TAFSIR QURAN DAN HADIS TABARUK''
SURAH HUD 23-24'
BIS-MIL-LAHI-RAHMAN-NIR-RAHIM.,
Innal lazeena aamanoo wa 'amilus saalihaati wa akhbatooo ilaa Rabbihim ulaaa'ika Ashaabul Jannati hum feehaa khaalidoon Masalul fareeqini kal a'maa wal asammi walbaseeri wassamee'; hal yastawiyaani masalaa; afalaa tazakkaroon (section 2) “Sesungguhnya orang-orang yang beriman dan mengerjakan amal-amal shalih dan merendahkan diri kepada Rabb mereka, mereka itu adalah penghuni-penghuni surga, mereka kekal di dalamnya. (QS. 11:23) Perbandingan kedua golongan itu (orang-orang kafir dan orang-orang mukmin), seperti orang buta dan tuli dengan orang yang dapat melihat dan dapat mendengar. Adakah kedua golongan itu sama keadaan dan sifatnya. Maka tidakkah kamu mengambil pelajaran (daripada perbandingan itu)? (QS.-11:24)”

(Huud: 23-24) Setelah Allah menceritakan keadaan orang-orang yang hidup sengsara, kemudian Allah menceritakan golongan orang-orang yang berbahagia, yaitu mereka yang beriman dan mengerjakan amal shalih. Hati mereka benar-benar beriman dan seluruh anggota tubuh mereka berbuat amal shalih, baik berupa ucapan maupun perbuatan, yakni dengan mengerjakan berbagai ketaatan dan menjauhi berbagai kemungkaran.

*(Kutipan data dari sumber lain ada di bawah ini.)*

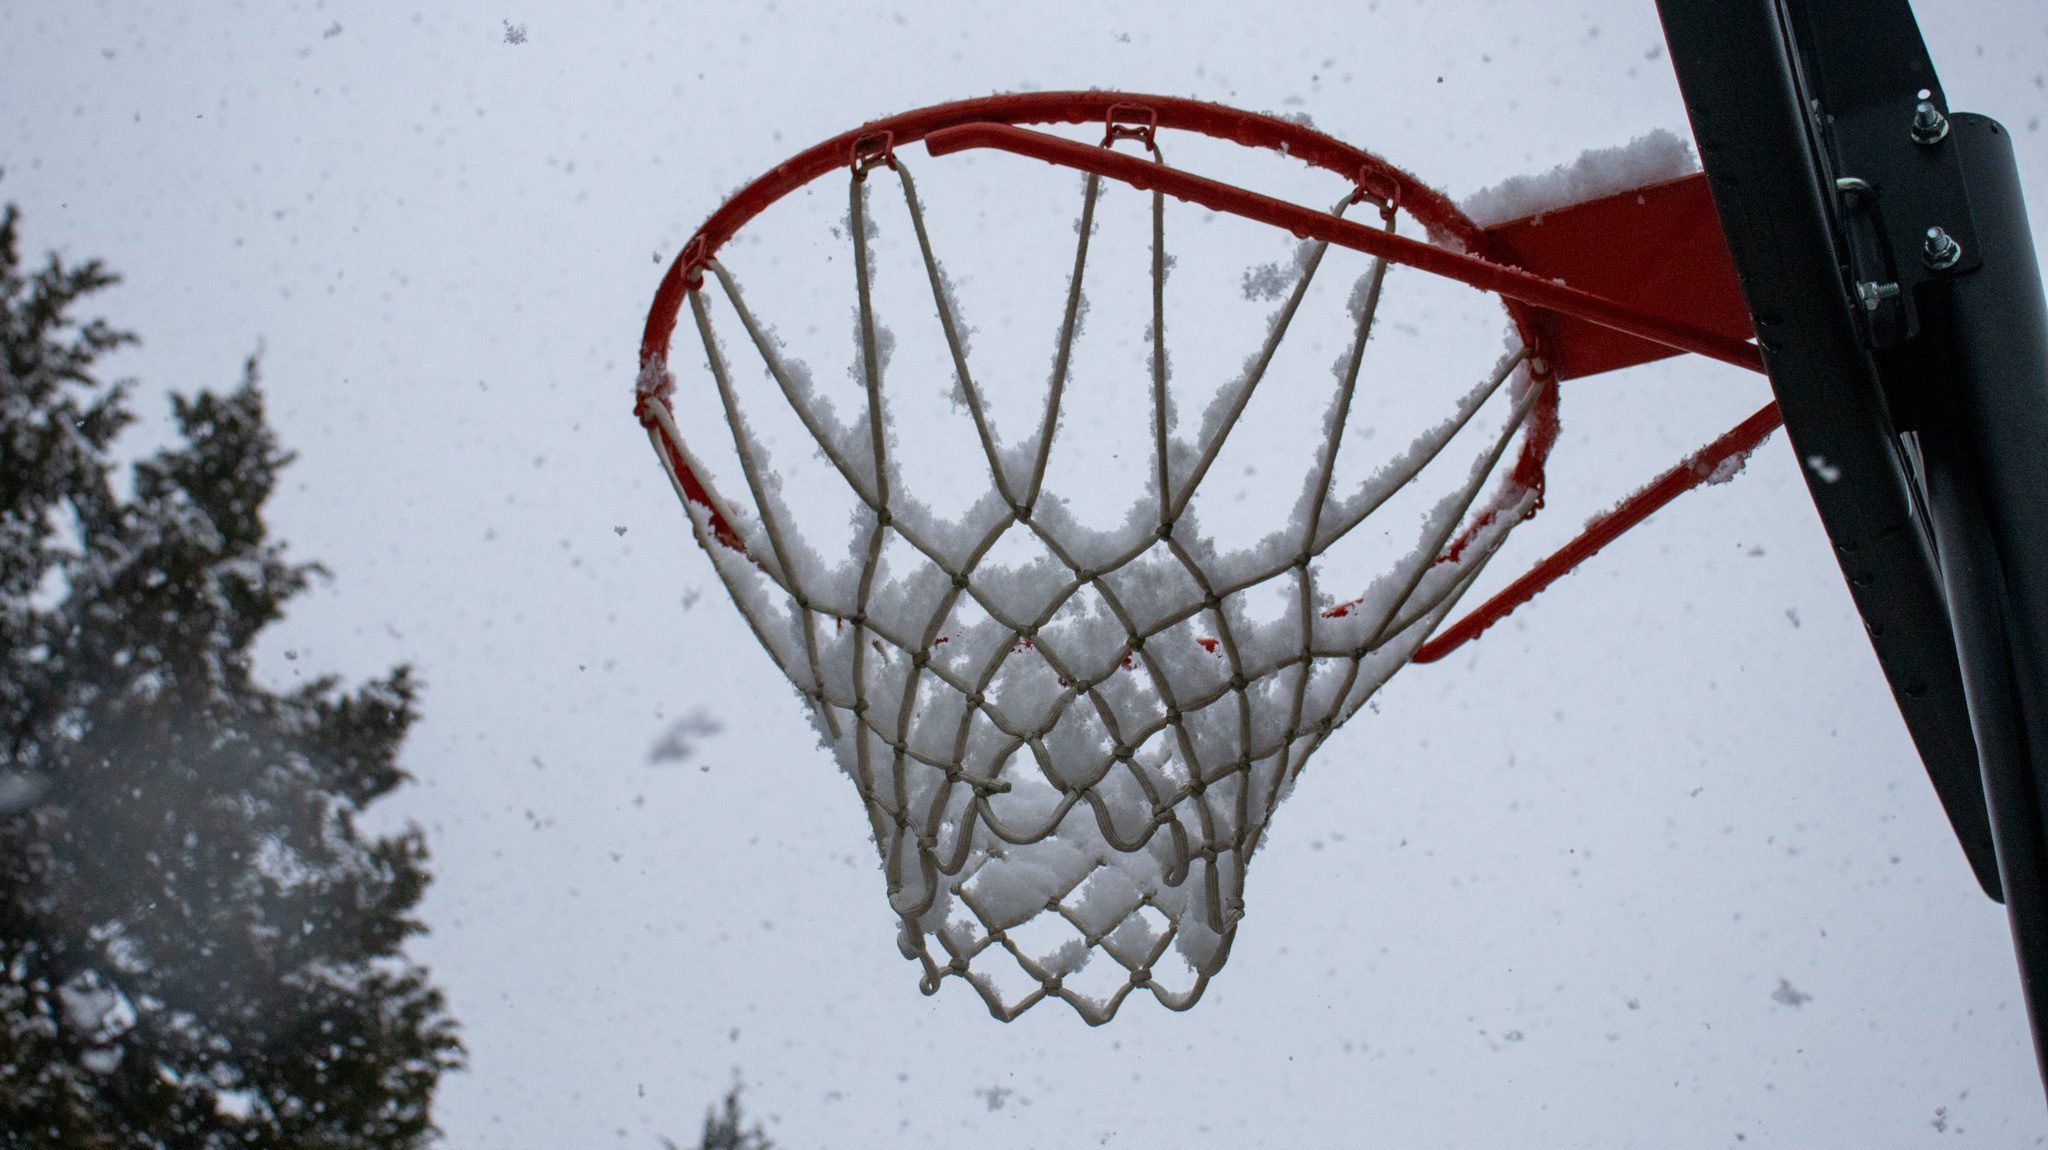 snow on a basketball hoop

Dengan demikian, mereka menjadi pewaris beraneka ragam surga yang mempunyai banyak kamar yang tinggi, pelaminan yang berderet rapi, aneka buah-buahan yang segar, permadani yang tebal, serta berbagai keindahan yang menyenangkan, berbagai macam makanan yang lezat dan minuman yang segar, serta kesempatan memandang kepada Rabb Pencipta langit dan bumf.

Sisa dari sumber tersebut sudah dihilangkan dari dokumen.